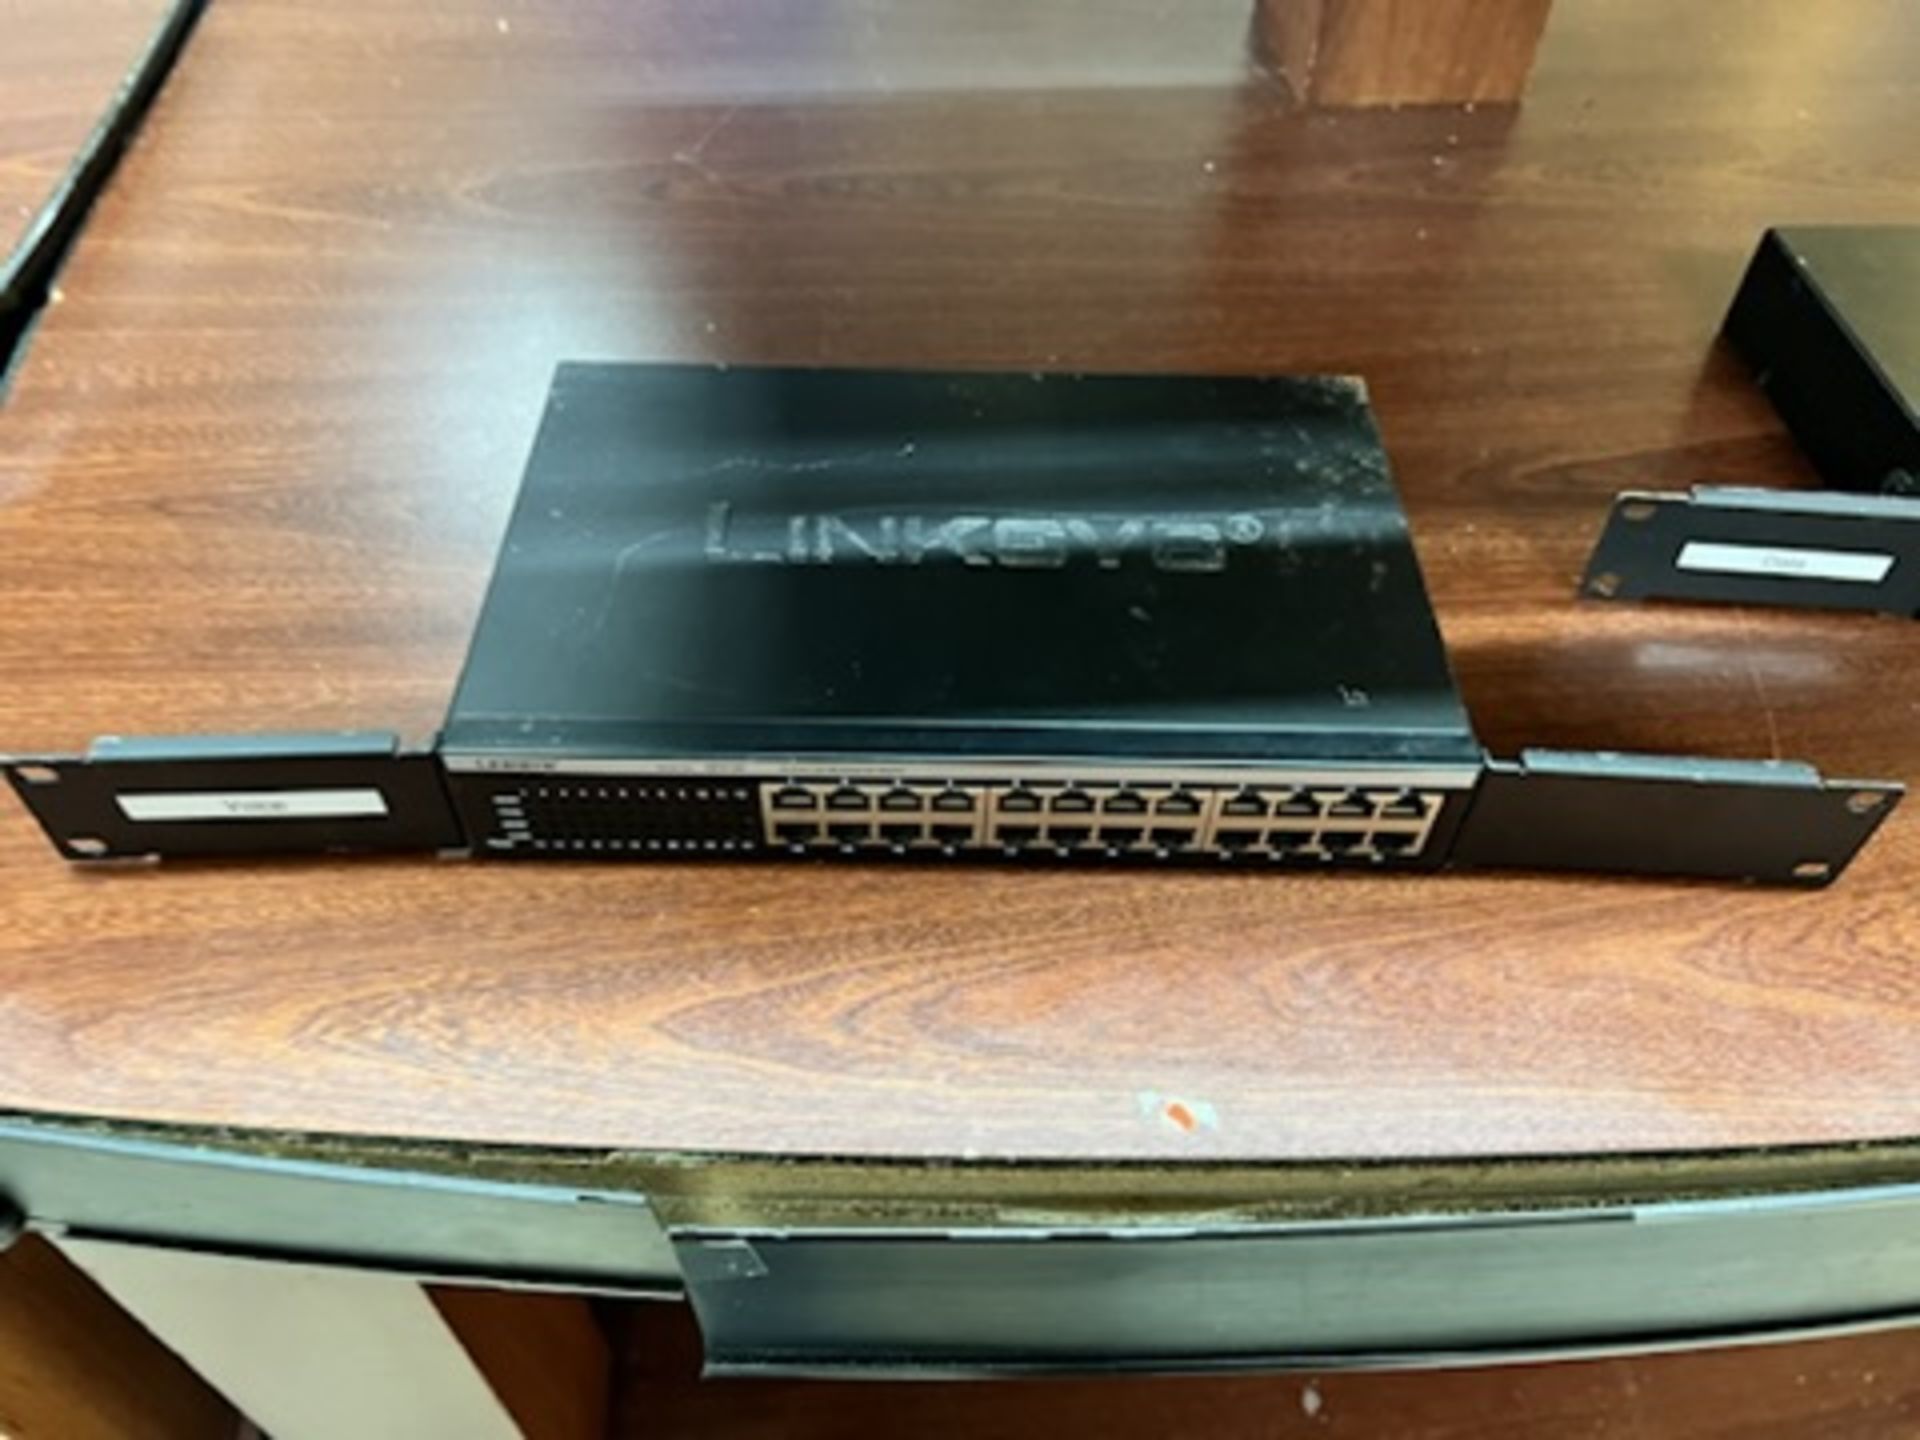 Lot of: (2) Cisco 2500 series routers , (1) Cisco IAD 2400 Series router, (2) Linksys 24-port intern - Image 15 of 18
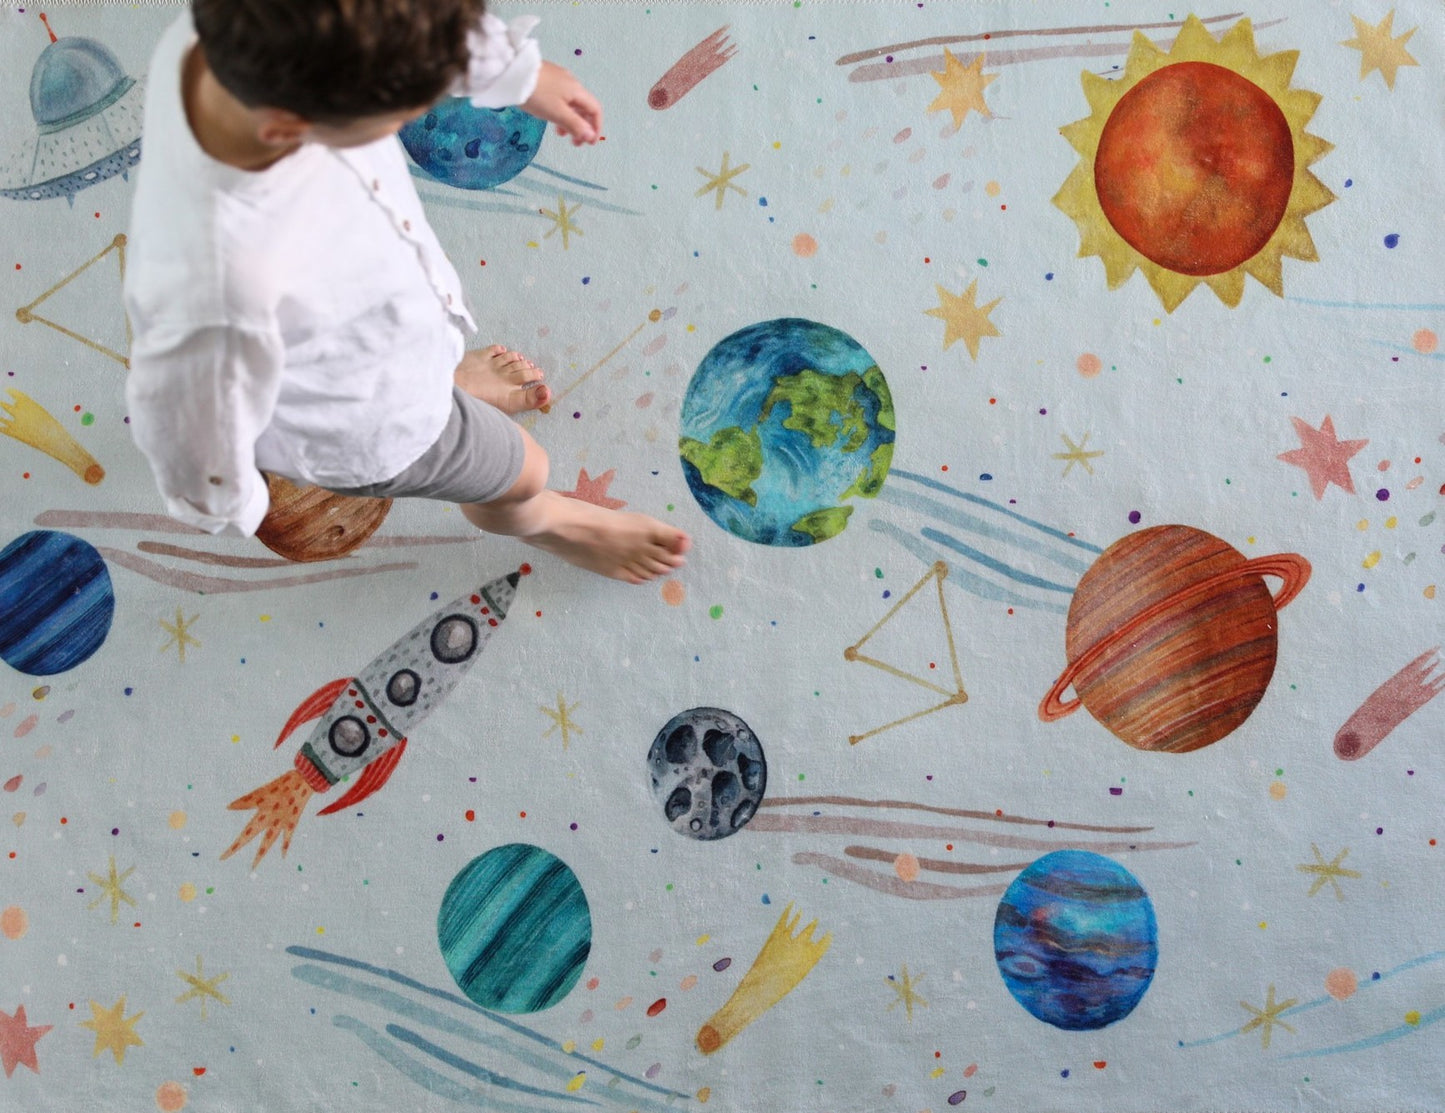 space planet solar system carpet for kids. space planet solar system rug for kids room. Machine washable and nontoxic rug
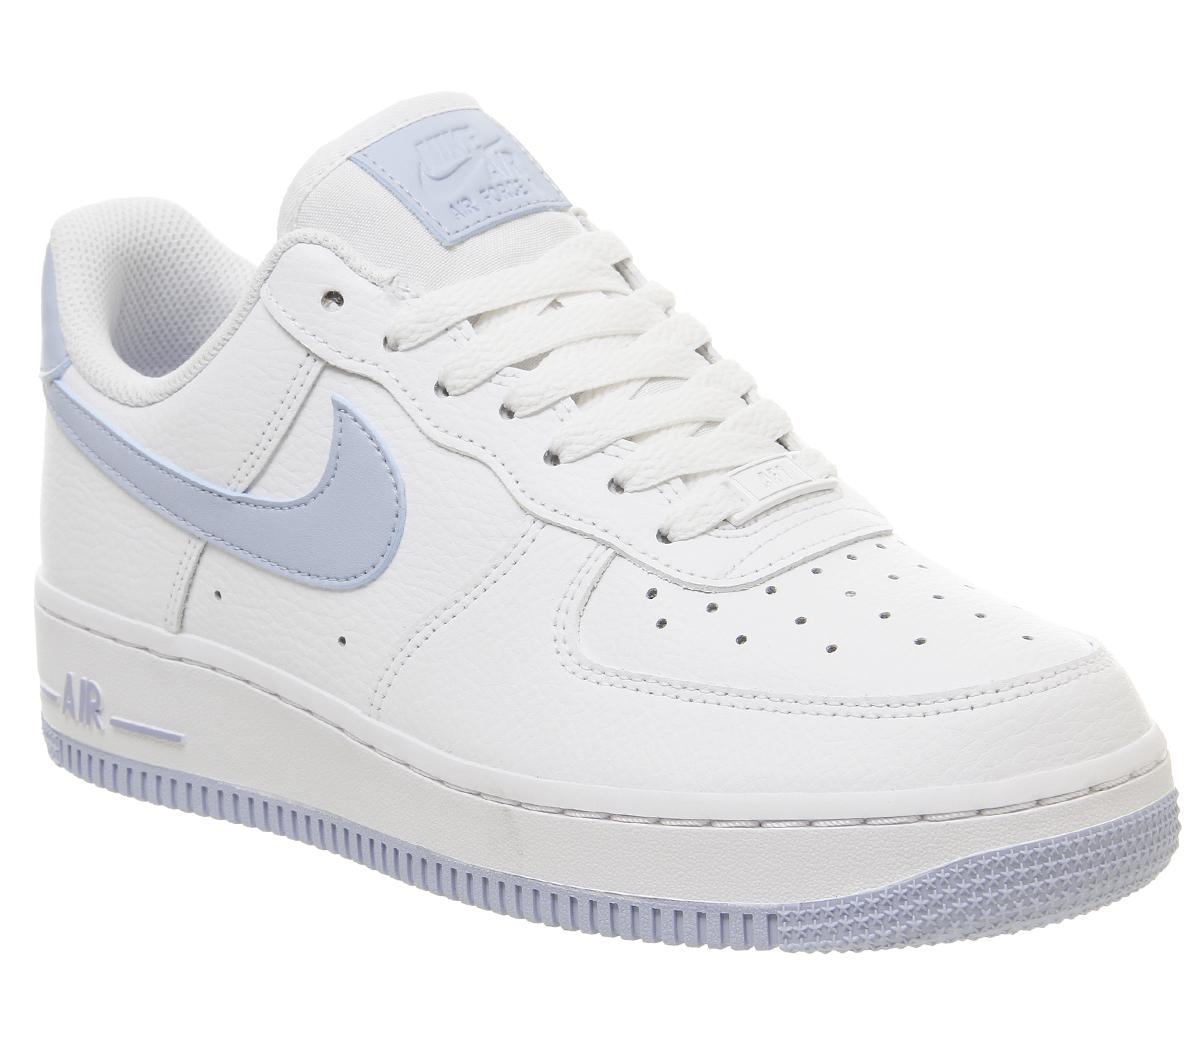 NikeAir Force 1 07 TrainersWhite Light Armory Blue
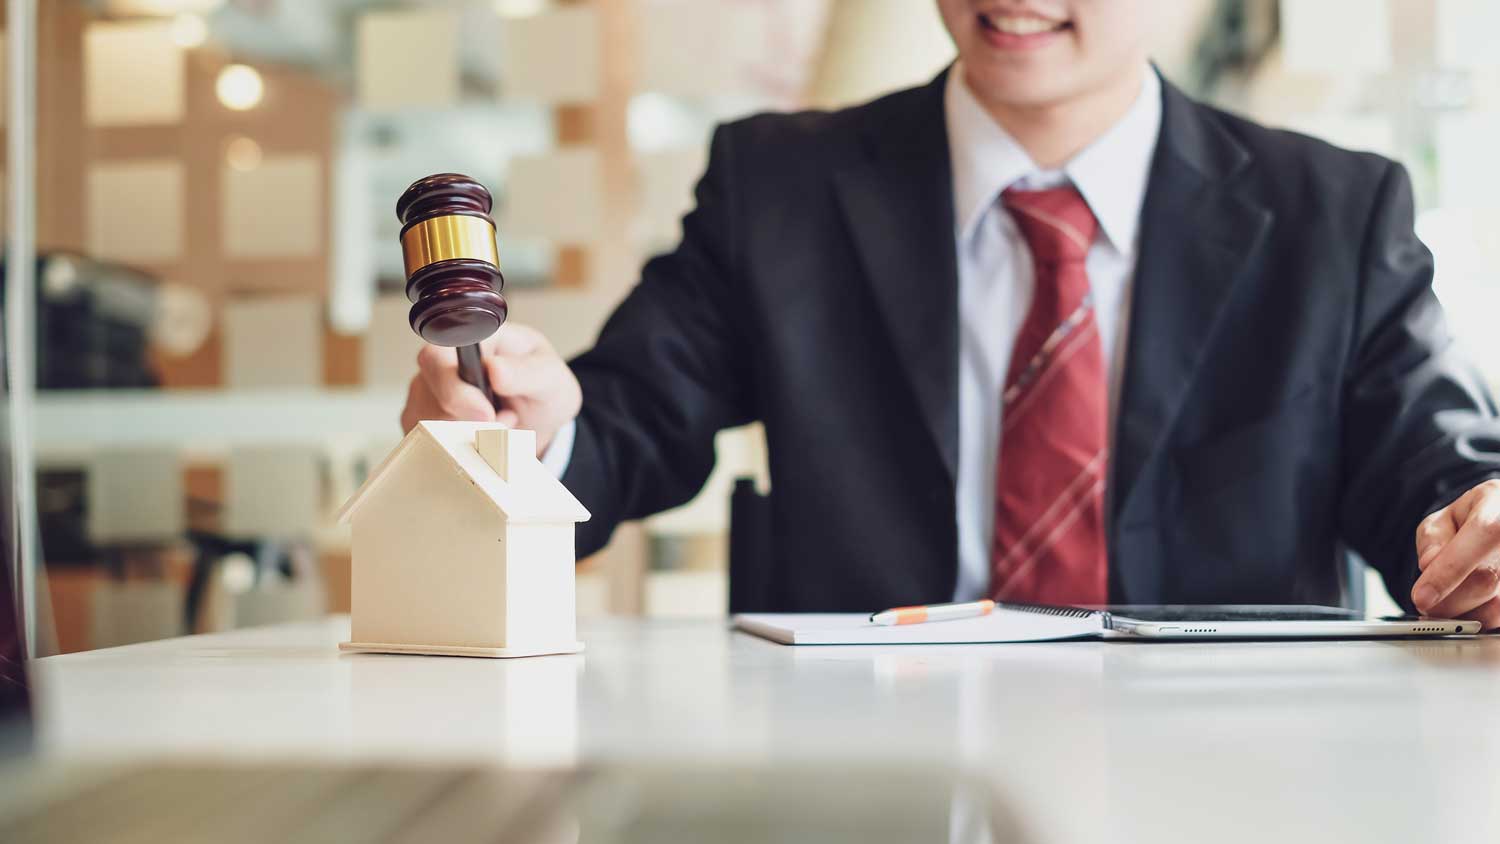 A man in suit and tie holding a gavel.
::::
▸ **WORK ORDER**:
All of the data must be given again exactly, without the pictures.

▸ **EXERCISE RESPONSE**:
 Lot of: (2) Cisco 2500 series routers , (1) Cisco IAD 2400 Series router, (2) Linksys 24-port intern - Image 15 of 18
 space planet solar system carpet for kids. space planet solar system rug for kids room. Machine washable and nontoxic rug
 NikeAir Force 1 07 TrainersWhite Light Armory Blue
 A man in suit and tie holding a gavel.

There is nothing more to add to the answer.